Yeah, I guess your right. I was thinking that Baidu might also run an ISP in China. then some random person was running a crawler from the ISP.

One other possibility as to why you are seeing a browser look at the robots.txt is that there is actually a real person coming from the IP address of the spider trying to figure out why their spider is misbehaving? I do that sometimes.
7:19 pm on Mar 30, 2012 (gmt 0)

Senior Member from US 

WebmasterWorld Senior Member keyplyr is a WebmasterWorld Top Contributor of All Time 10+ Year Member Top Contributors Of The Month

joined:Sept 26, 2001
posts:5811
votes: 64



I eventually blocked all country ranges for China.
7:31 pm on Mar 30, 2012 (gmt 0)

Administrator from US 

WebmasterWorld Administrator incredibill is a WebmasterWorld Top Contributor of All Time 10+ Year Member Top Contributors Of The Month

joined:Jan 25, 2005
posts:14624
votes: 88


One other possibility as to why you are seeing a browser look at the robots.txt is that there is actually a real person coming from the IP address of the spider trying to figure out why their spider is misbehaving?
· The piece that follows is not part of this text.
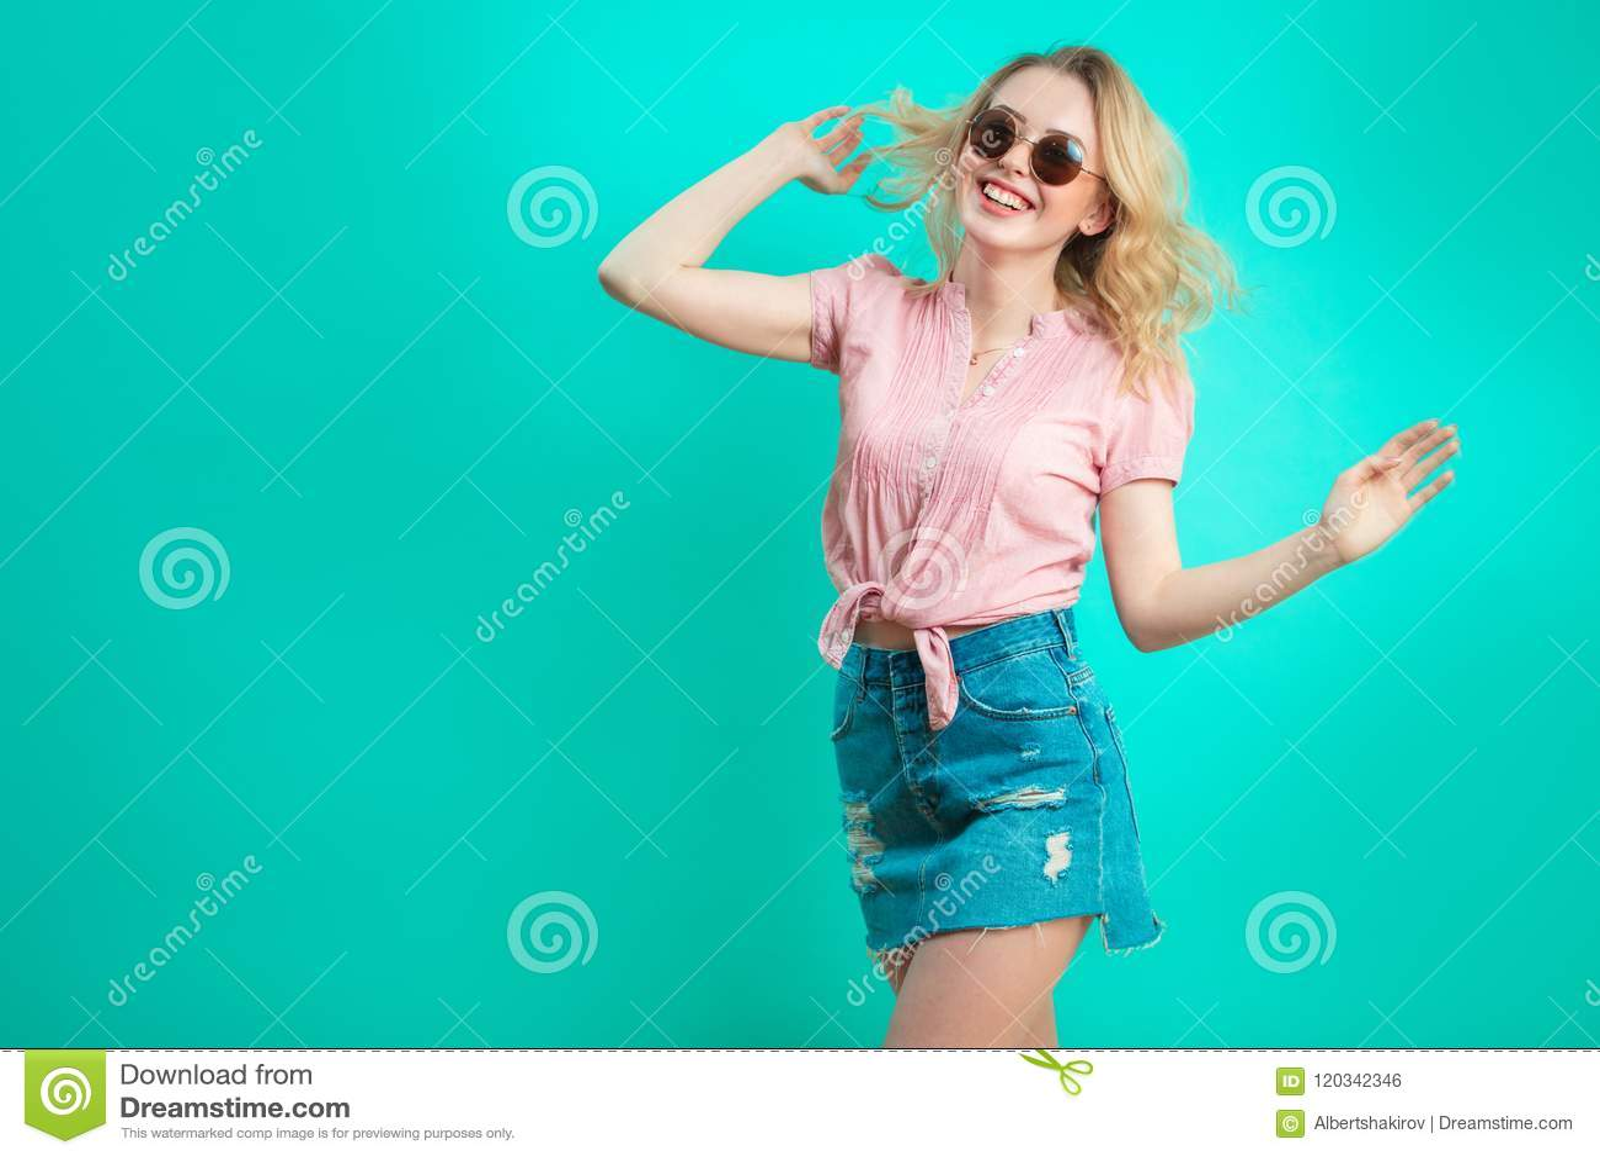 Menina caucasiano alegre com o cabelo encaracolado longo isolado no fundo azul

I do that sometimes.


Don't see how a real human can be on 3 IPs at basically the same time.

2012-03-29,13:56:57
2012-03-29,13:57:25
2012-03-29,13:57:31

I'm sure it's something automated.
8:05 pm on Mar 30, 2012 (gmt 0)

New User

joined:Jan 22, 2012
posts: 30
votes: 1


Render farm seemed like a good idea. I don't know why they would hit robots.txt unless the crawl itself was entirely being done with scripted instances of Firefox. Did the ff versions check out?
11:14 pm on Mar 31, 2012 (gmt 0)

Junior Member

10+ Year Member

joined:June 25, 2005
posts:179
votes: 1


Reverse DNS sure says it's Baidu Spider:
180.76.5.93 -> baiduspider-180-76-5-93.crawl.baidu.com.

That's step 1.
Step 2 is forward DNS->IP lookup
4:02 am on Apr 1, 2012 (gmt 0)

Senior Member from US 

WebmasterWorld Senior Member lucy24 is a WebmasterWorld Top Contributor of All Time Top Contributors Of The Month

joined:Apr 9, 2011
posts:12714
votes: 244


?
Baidu at 180.76 asks for robots.txt all the time. I just assumed it's a feeble attempt to convince me it's a real, law-abiding robot.

:: detour to raw logs ::

Hm, wonder who told them I've got a file called /fun/panda.html ? They've been 403'd from the whole site since long before the file was created, and all links leading to the page are nofollow.*


* Nope, guess again. It's because almost the entire text of the page is actual search strings-- meaning that it would be utterly useless if it came up in any search. Even worse than indexing a search-results page.